Prompt =>
Every line of the listing below should be written out exactly, minus its pictures.

Information provided =>
[Start of section]
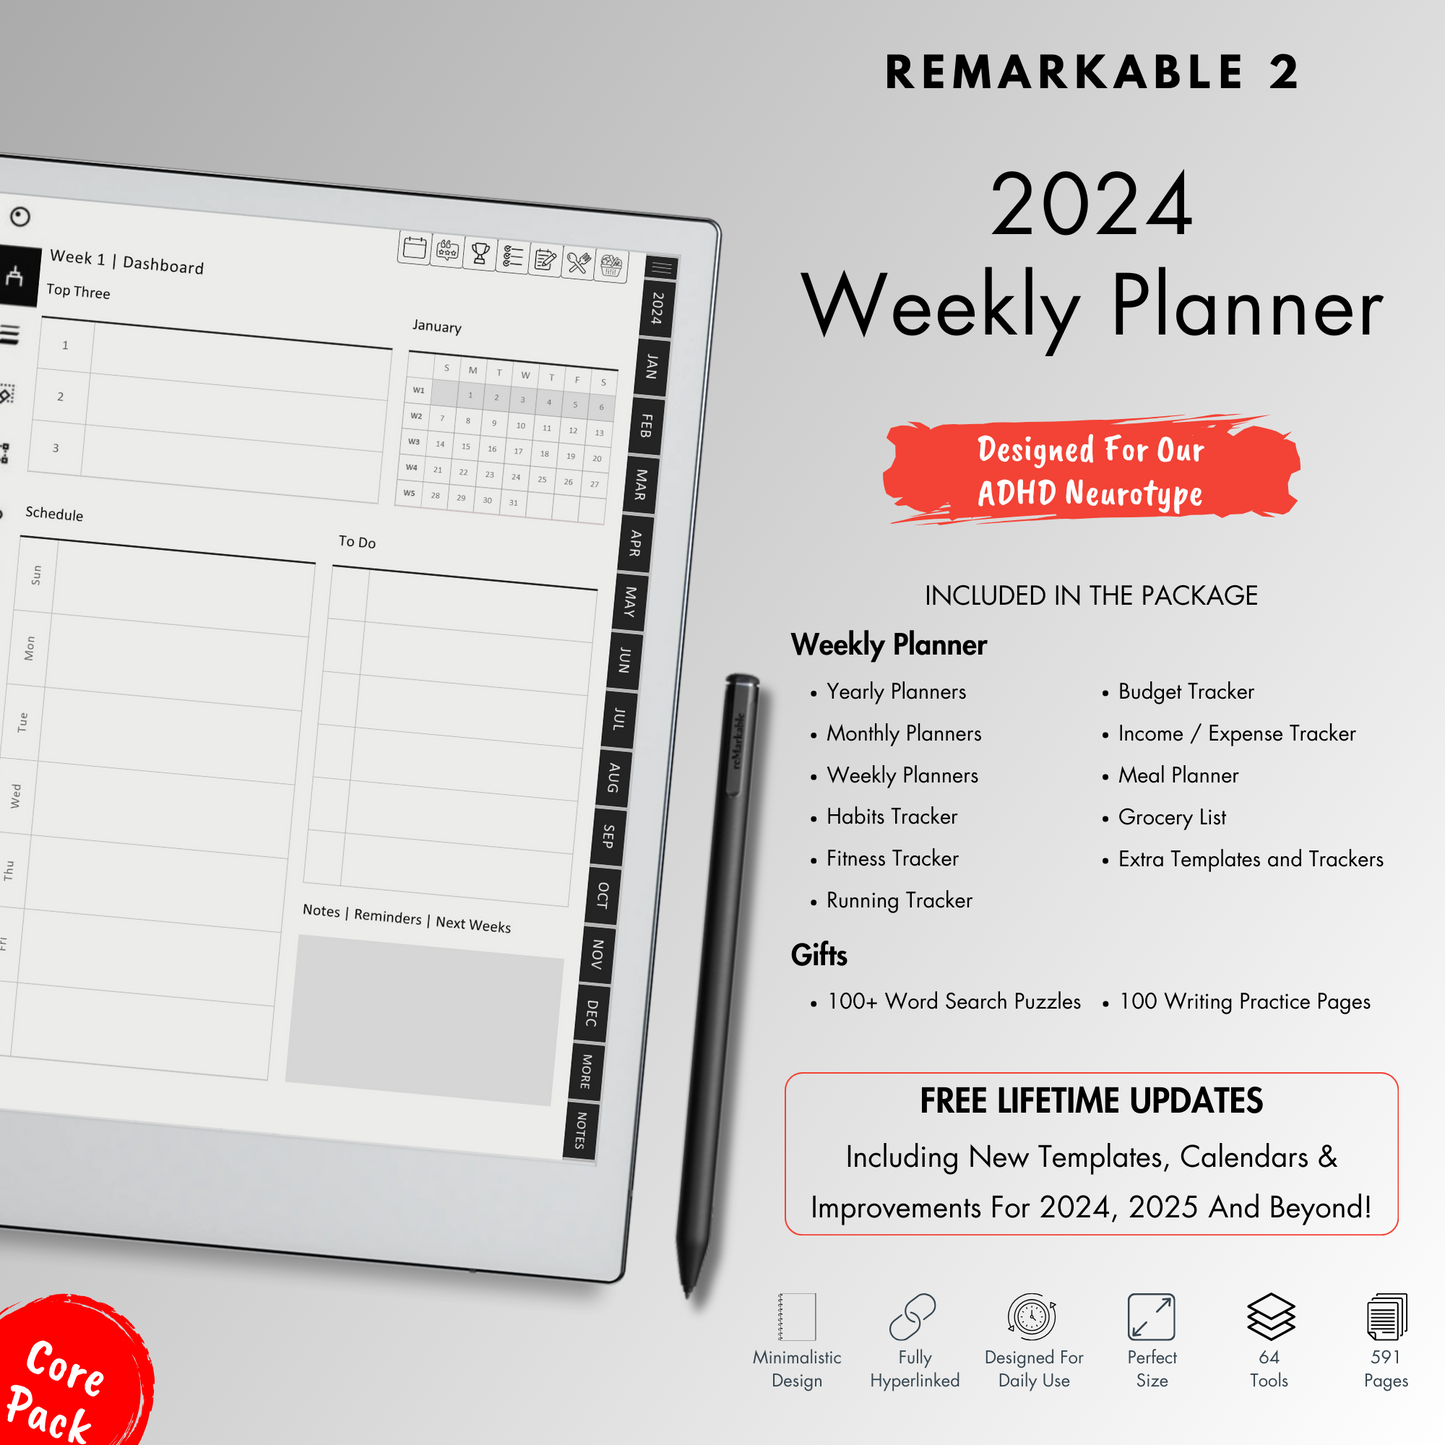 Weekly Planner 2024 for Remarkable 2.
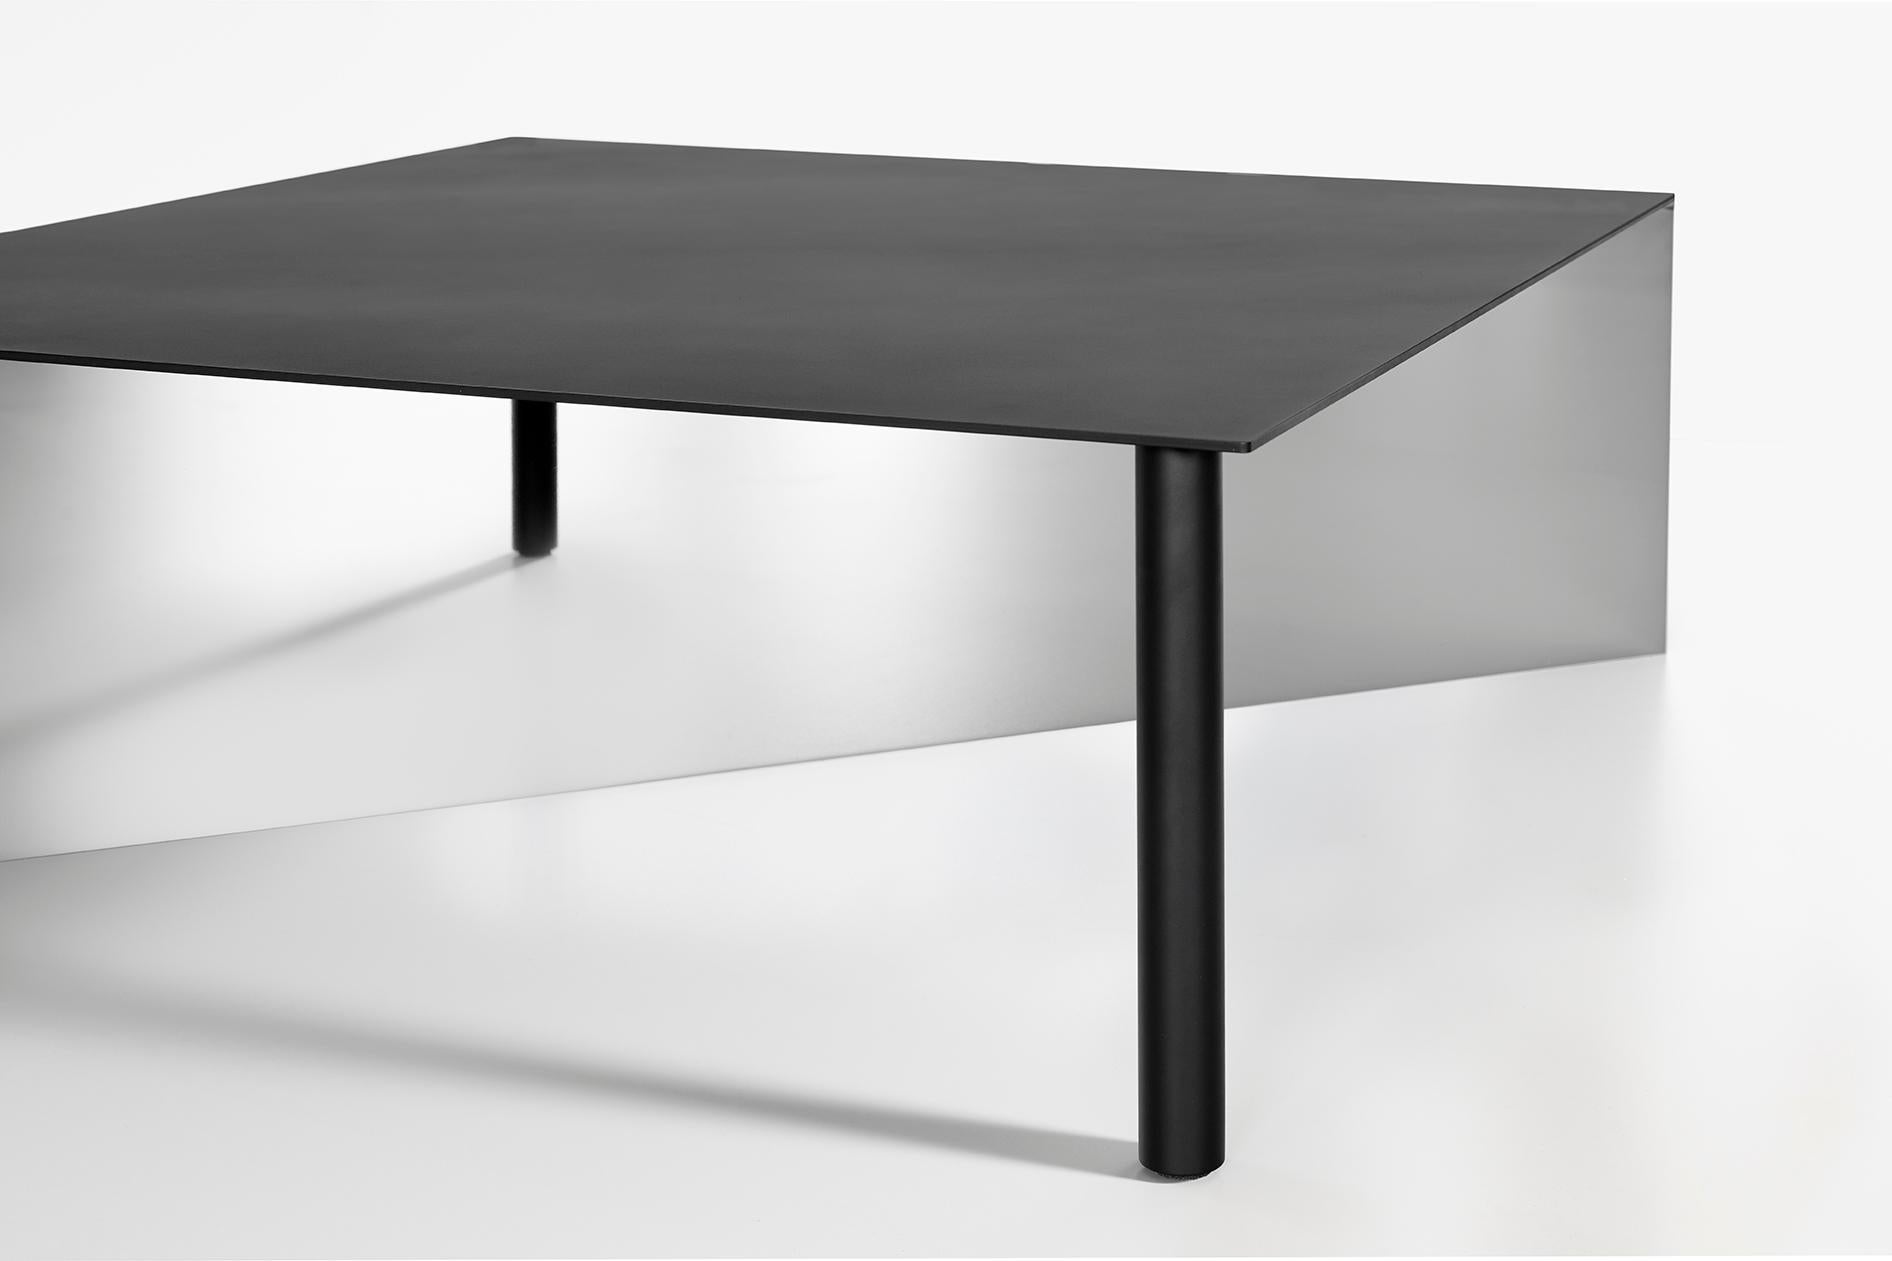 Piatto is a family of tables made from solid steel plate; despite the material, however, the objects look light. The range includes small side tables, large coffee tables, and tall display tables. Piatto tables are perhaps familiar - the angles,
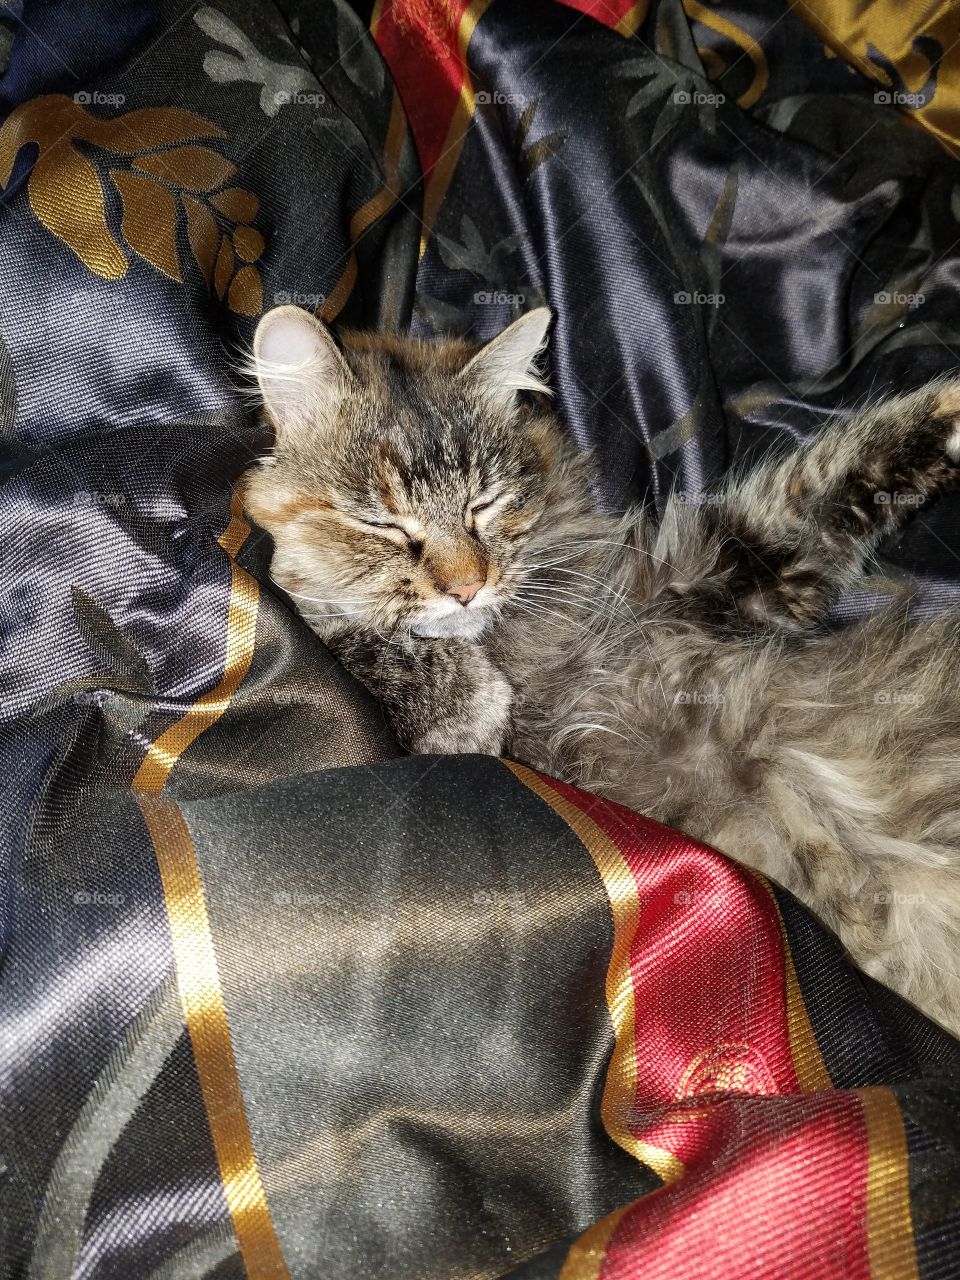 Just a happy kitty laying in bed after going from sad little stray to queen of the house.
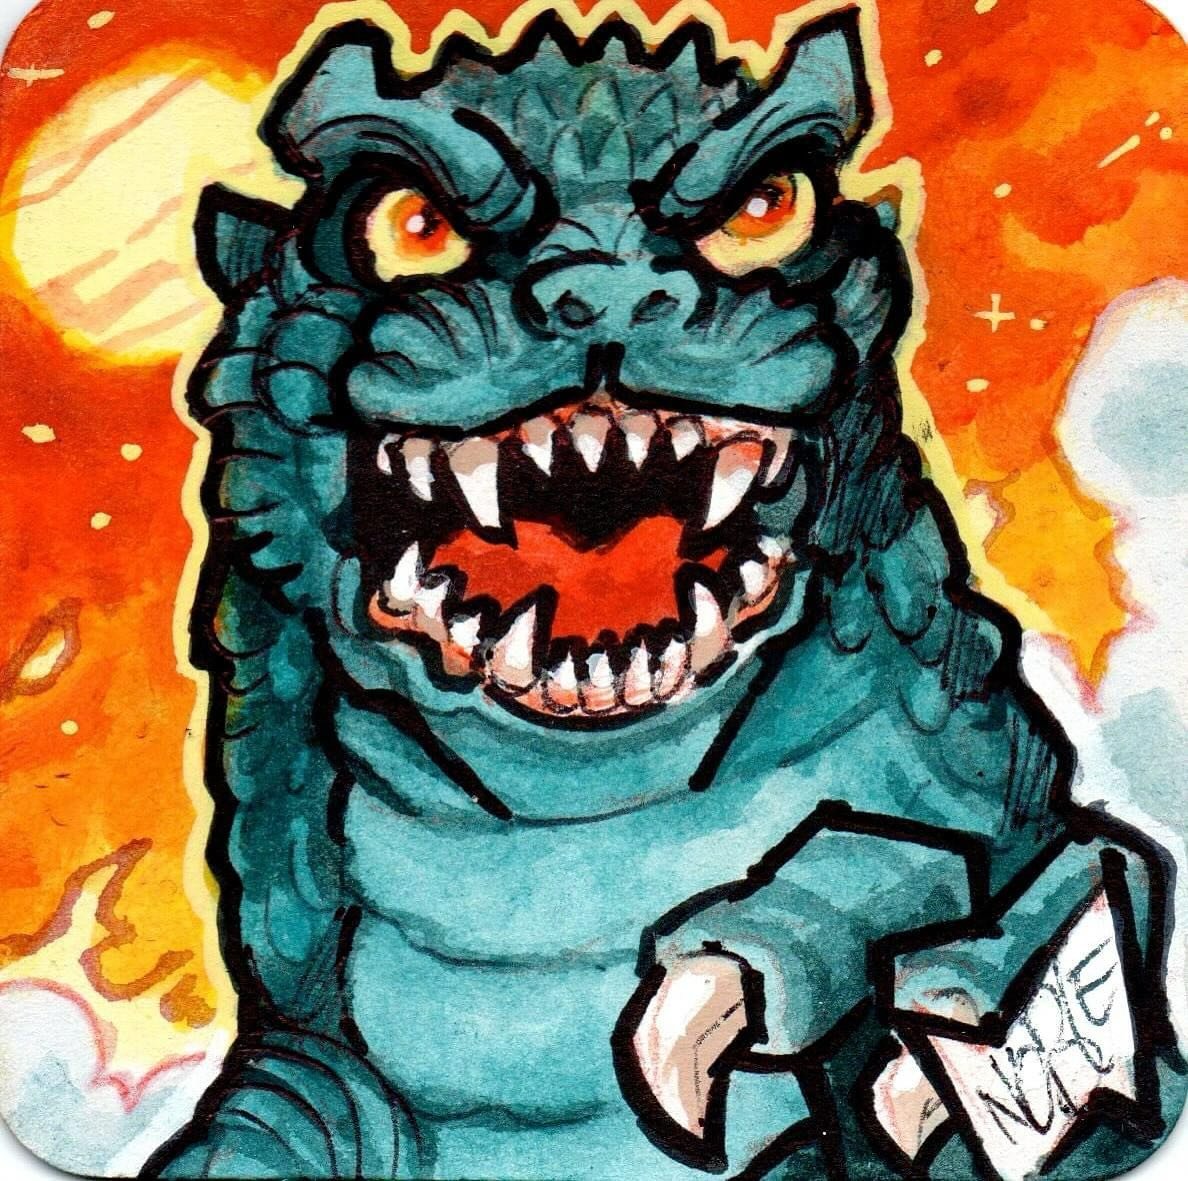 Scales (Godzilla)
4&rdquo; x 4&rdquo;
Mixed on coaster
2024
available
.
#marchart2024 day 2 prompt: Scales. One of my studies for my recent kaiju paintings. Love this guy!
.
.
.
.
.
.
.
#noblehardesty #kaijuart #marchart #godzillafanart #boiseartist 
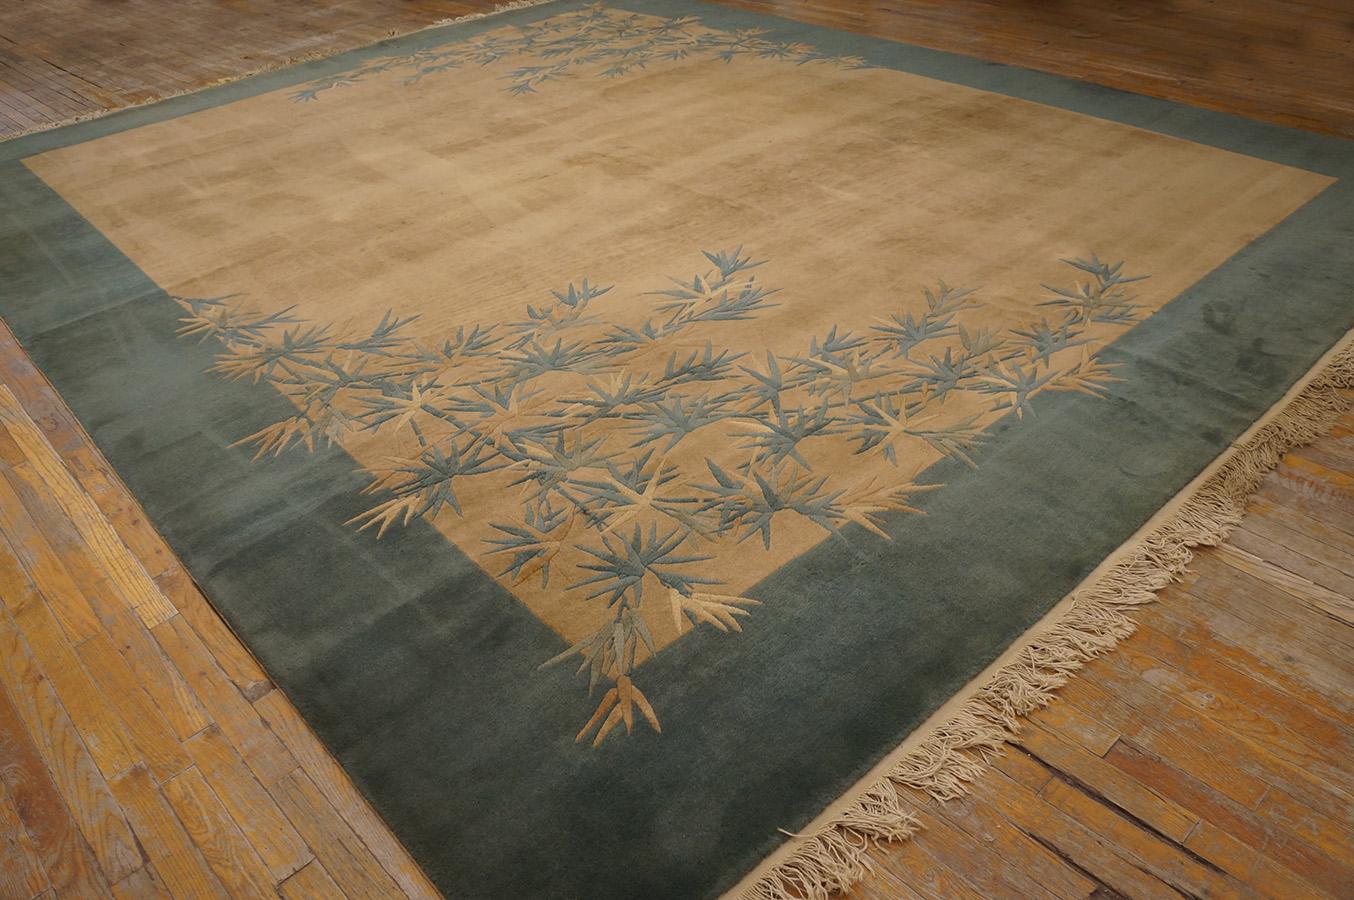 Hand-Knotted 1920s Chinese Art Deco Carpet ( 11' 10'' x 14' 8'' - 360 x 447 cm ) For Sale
[End of section]
Expected answer =>
 Weekly Planner 2024 for Remarkable 2.
 Piatto is a family of tables made from solid steel plate; despite the material, however, the objects look light. The range includes small side tables, large coffee tables, and tall display tables. Piatto tables are perhaps familiar - the angles,
 Just a happy kitty laying in bed after going from sad little stray to queen of the house.
 Scales (Godzilla)
4&rdquo; x 4&rdquo;
Mixed on coaster
2024
available
.
#marchart2024 day 2 prompt: Scales. One of my studies for my recent kaiju paintings. Love this guy!
.
.
.
.
.
.
.
#noblehardesty #kaijuart #marchart #godzillafanart #boiseartist 
 Hand-Knotted 1920s Chinese Art Deco Carpet ( 11' 10'' x 14' 8'' - 360 x 447 cm ) For Sale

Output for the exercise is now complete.